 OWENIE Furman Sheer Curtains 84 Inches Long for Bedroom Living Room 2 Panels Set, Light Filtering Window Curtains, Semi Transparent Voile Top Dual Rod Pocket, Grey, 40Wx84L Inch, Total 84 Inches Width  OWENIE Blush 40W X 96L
◆ ◆ ◆ ◆ ◆
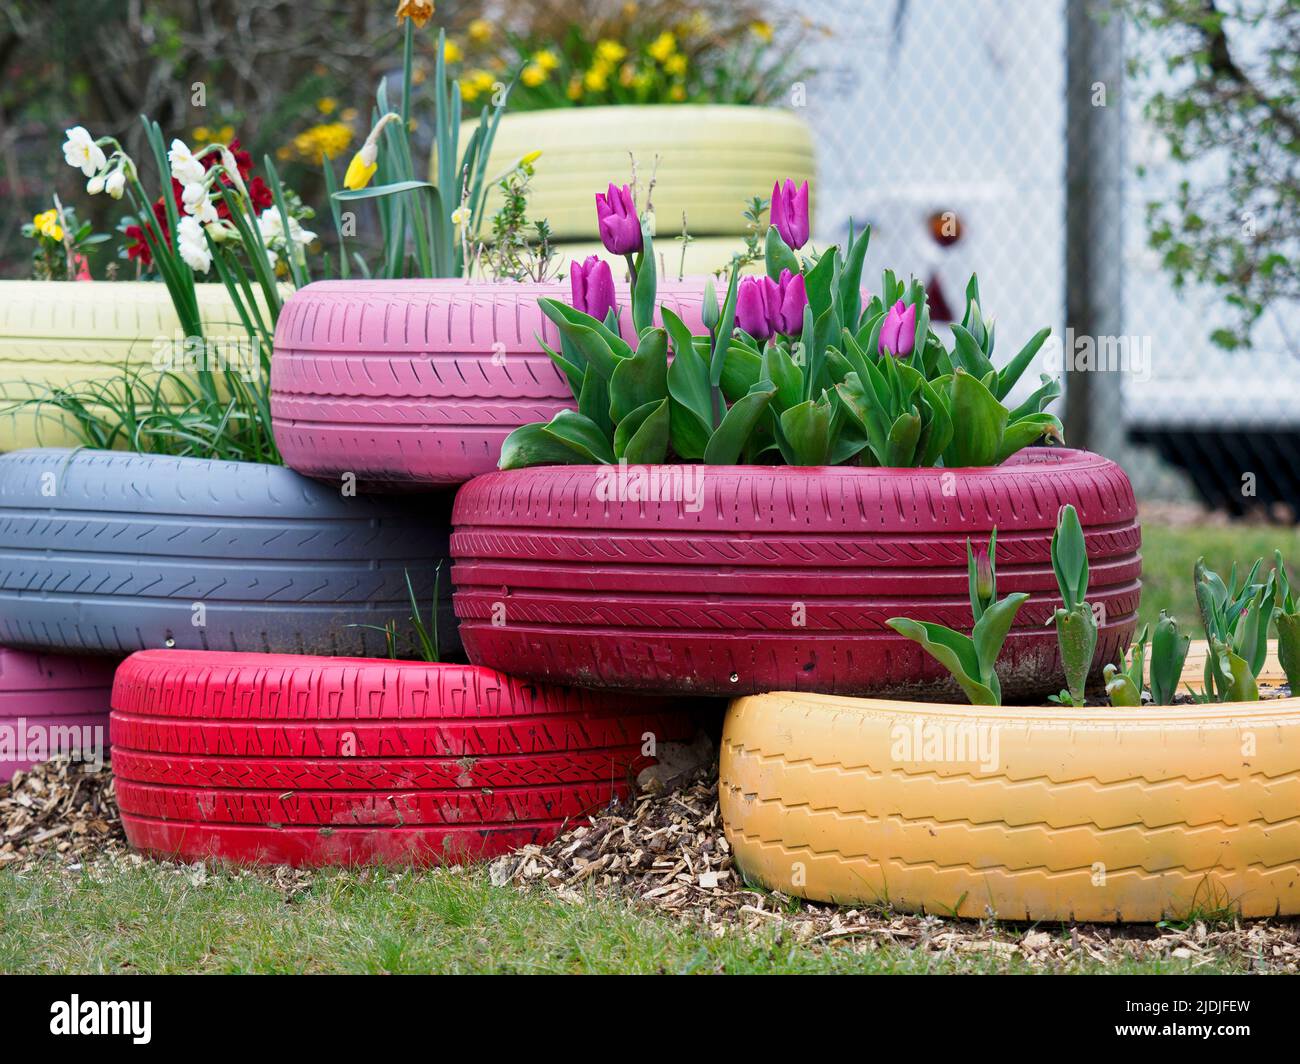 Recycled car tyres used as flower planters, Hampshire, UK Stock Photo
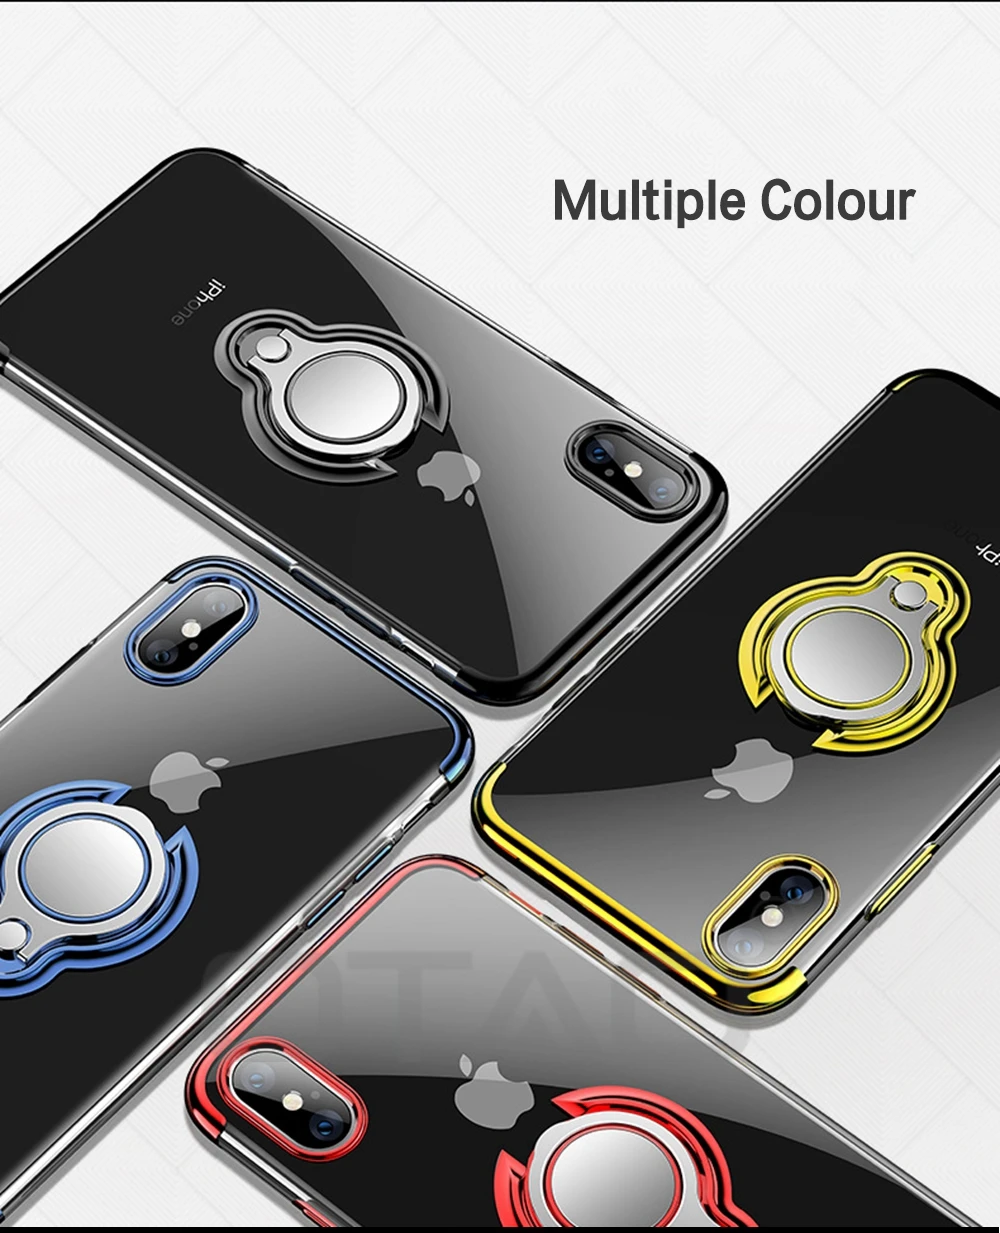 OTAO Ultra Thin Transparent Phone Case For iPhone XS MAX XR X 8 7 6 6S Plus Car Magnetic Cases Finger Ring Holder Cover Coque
◆ ◆ ◆ ◆ ◆
## REQUIRED ACTION
Beginning with the line above that contains "Recycled car tyres" and finishing with the line that contains "OTAO Ultra Thin", print those lines exactly and only. Skip all pictures.

## TASK ANSWER
 Recycled car tyres used as flower planters, Hampshire, UK Stock Photo
 OTAO Ultra Thin Transparent Phone Case For iPhone XS MAX XR X 8 7 6 6S Plus Car Magnetic Cases Finger Ring Holder Cover Coque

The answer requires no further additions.